At the heart of this legal dispute lies a fundamental question about user privacy in the digital age. Users of Google’s incognito mode believed that their online activities were shielded from the company’s data collection practices. However, the plaintiffs alleged that Google continued to track and collect data even when users engaged these privacy-focused browsing modes. This revelation, hence, led to the filing of a class action lawsuit. Class actions allow an individual or a small group to file a lawsuit on behalf of a larger group of similarly affected individuals, typically those who have suffered physical or financial harm allegedly caused by the defendant.
After years of intense litigation and negotiations, the two parties reached a settlement in April. As part of the agreement, Google committed to several significant actions, which included some stipulations that acted as a compromise between the two parties. These included deleting billions of data records pertaining to users of its incognito mode, providing clearer explanations regarding the types of data collected from users and allowing incognito mode users to block third-party cookies for a period of five years from Google’s side of the bargain. However, the settlement did not include any provisions for monetary compensation to the affected users. It did preserve, though, the right for affected individuals to pursue monetary damages through individual lawsuits in California, an option that thousands of users have already exercised.
Following up to the settlement, the plaintiffs’ legal team has submitted a substantial request for legal fees, amounting to $217 million in total. To justify this enormous sum, the lawyers claim to have invested approximately 78,880 hours of work on the case, which translates to about $62 million when calculated using standard billing rates.

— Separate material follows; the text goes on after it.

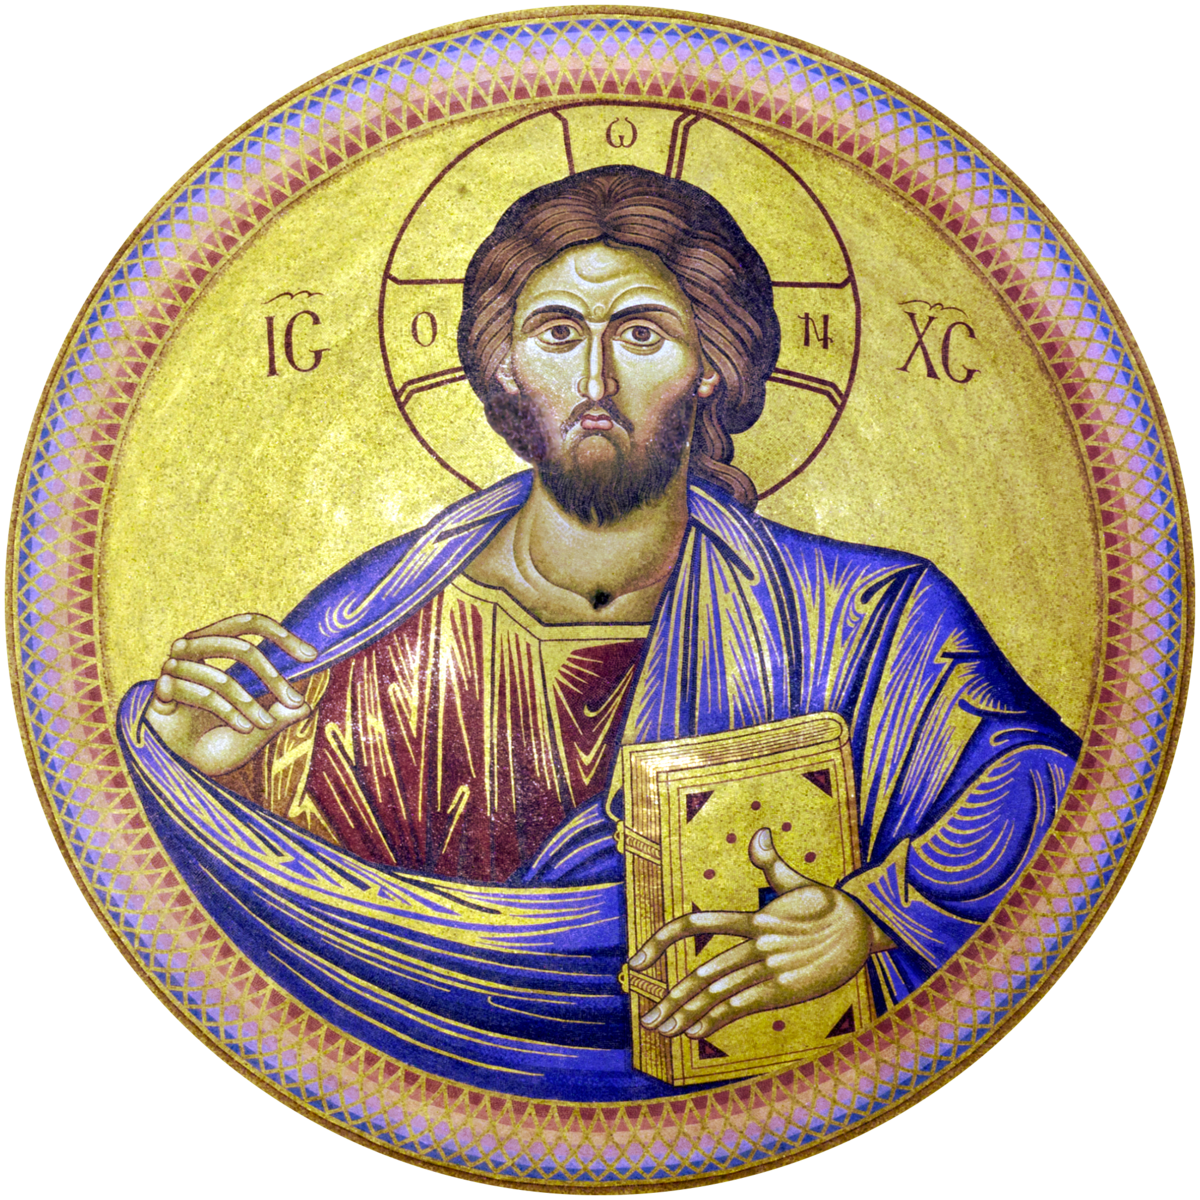 1200px-Christ_Pantocrator,_Church_of_the_Holy_Sepulchre.png

The plaintiffs’ team argues that the application of the Lodestar method is appropriate in this instance, given their success in the class action litigation. The lodestar method is a widely recognized approach for calculating attorney’s fees, considering both the hours worked and a reasonable hourly rate.

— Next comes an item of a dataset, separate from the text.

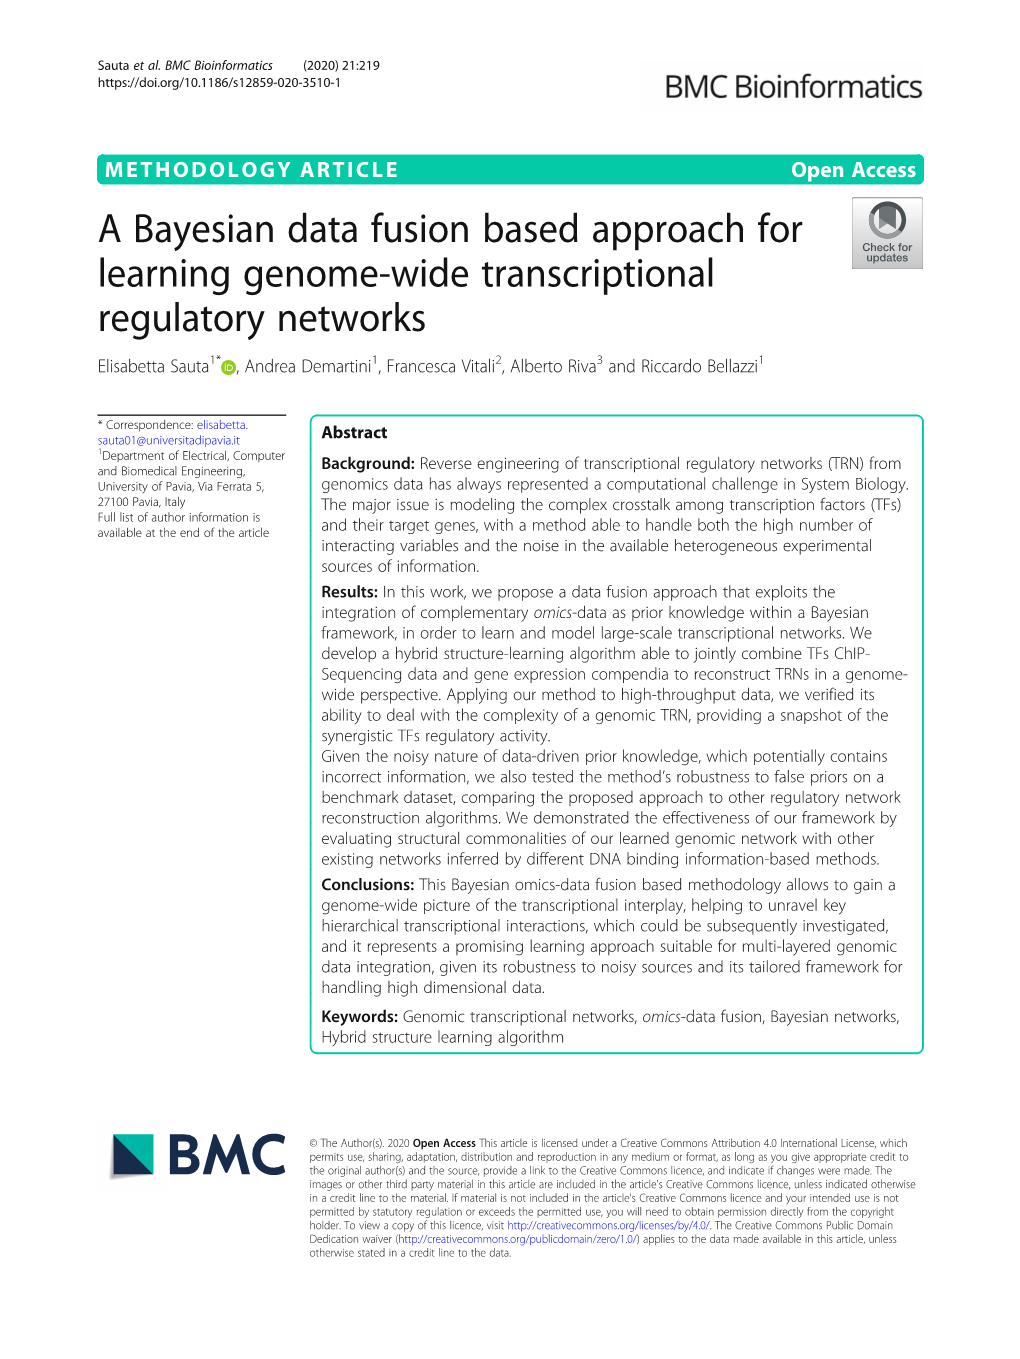 A Bayesian Data Fusion Based Approach for Learning Genome-Wide

Google has taken a firm stance in response to these developments. The tech giant asserts that they have not violated any privacy laws and argues that the requested amount for legal fees is not only excessively high but also unjustified, especially considering the circumstances of the case. At the same time, their defense attorneys have voiced strong objections to the requested legal fees, contending that the plaintiff’s team has significantly overcharged for their services. Throughout the proceedings, Google consistently denied any wrongdoing and did not agree to pay any monetary damages as part of the settlement.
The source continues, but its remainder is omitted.